The Old Farmer’s Almanac (publisher)

Val Giddings, a senior fellow who studies science and agriculture, called the almanac a “quaint relic,” saying its forecasting value has long been debated and he did not treat its long-range predictions as scientific evidence.

Val Giddings, Information Technology and Innovation Foundation (senior fellow)

Unconfirmed

  • Specific financial figures for the Farmers’ Almanac’s losses or operating shortfall have not been publicly released.
  • Whether any institutional archive or library has secured a complete digital copy of the almanac’s back catalog is not yet reported.
  • The extent to which individual long-range predictions performed better than models in particular years has not been comprehensively verified in a single, peer-reviewed study.

Bottom Line

The Farmers’ Almanac’s planned closure after its 2026 edition marks the end of a 208-year publishing run that combined calendar-making, cultural commentary and a distinct forecasting tradition.

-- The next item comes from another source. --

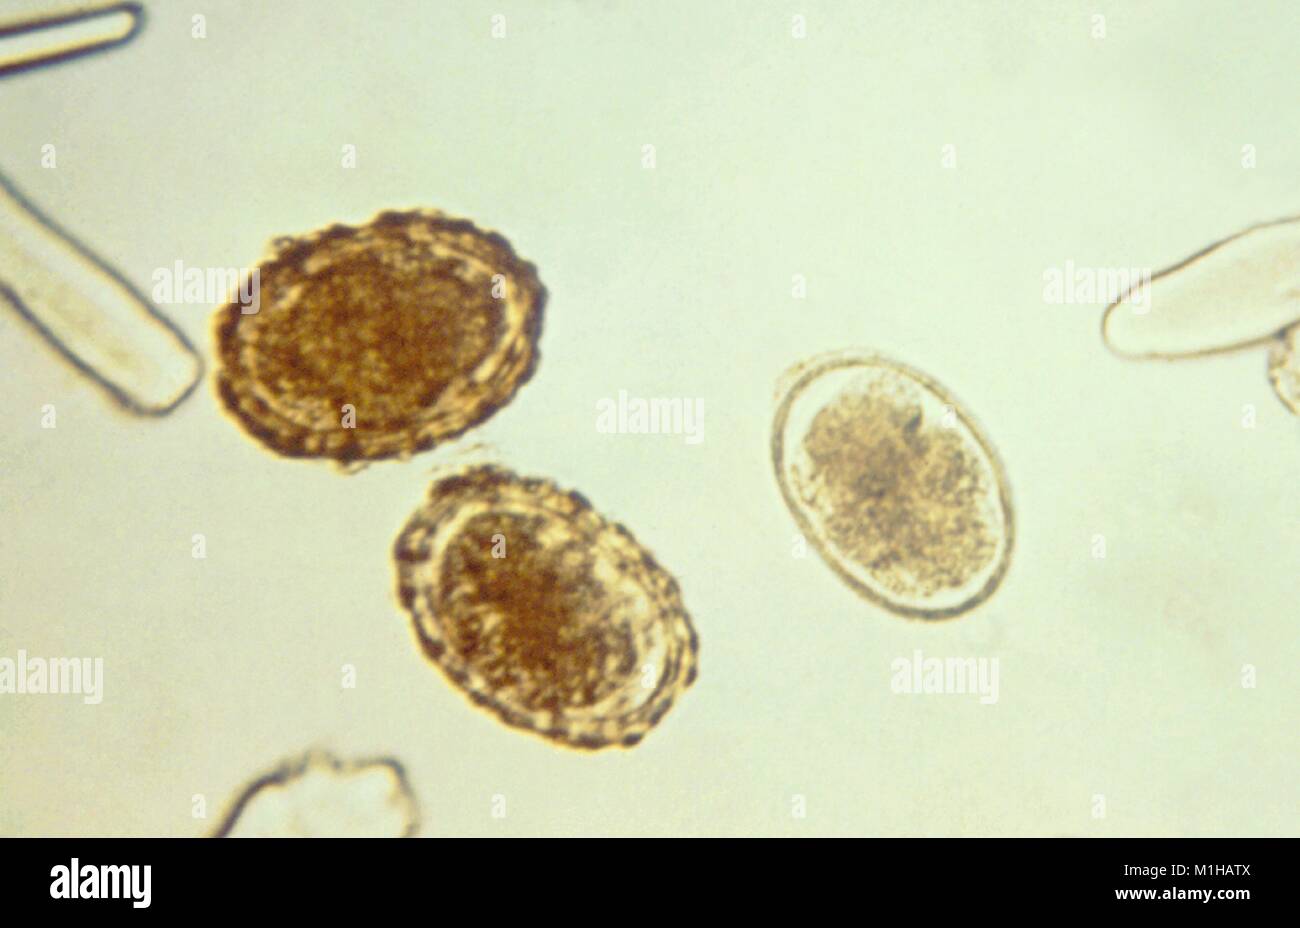 Photomicrograph von drei befruchtete Eier Ascaris Lumbricoides, einer parasitären Rundwürmer Arten, welche die Krankheit Ascariasis, 1979 verursachen. Mit freundlicher CDC. () Stockfoto

Economic realities—rising production and distribution costs plus a complex media landscape—drove the decision, even as the title retained a sizable, multigenerational readership. For readers who used the almanac as a ritualized guide to planting and seasonal planning, the loss will be felt as both a practical gap and a cultural one.

Looking ahead, the episode underscores broader trends in which specialized print media must either adapt to sustainable digital models or be preserved through archives and institutional collections. The distinction between historical value and scientific reliability will shape how historians, librarians and the public preserve and interpret the almanac’s two centuries of material.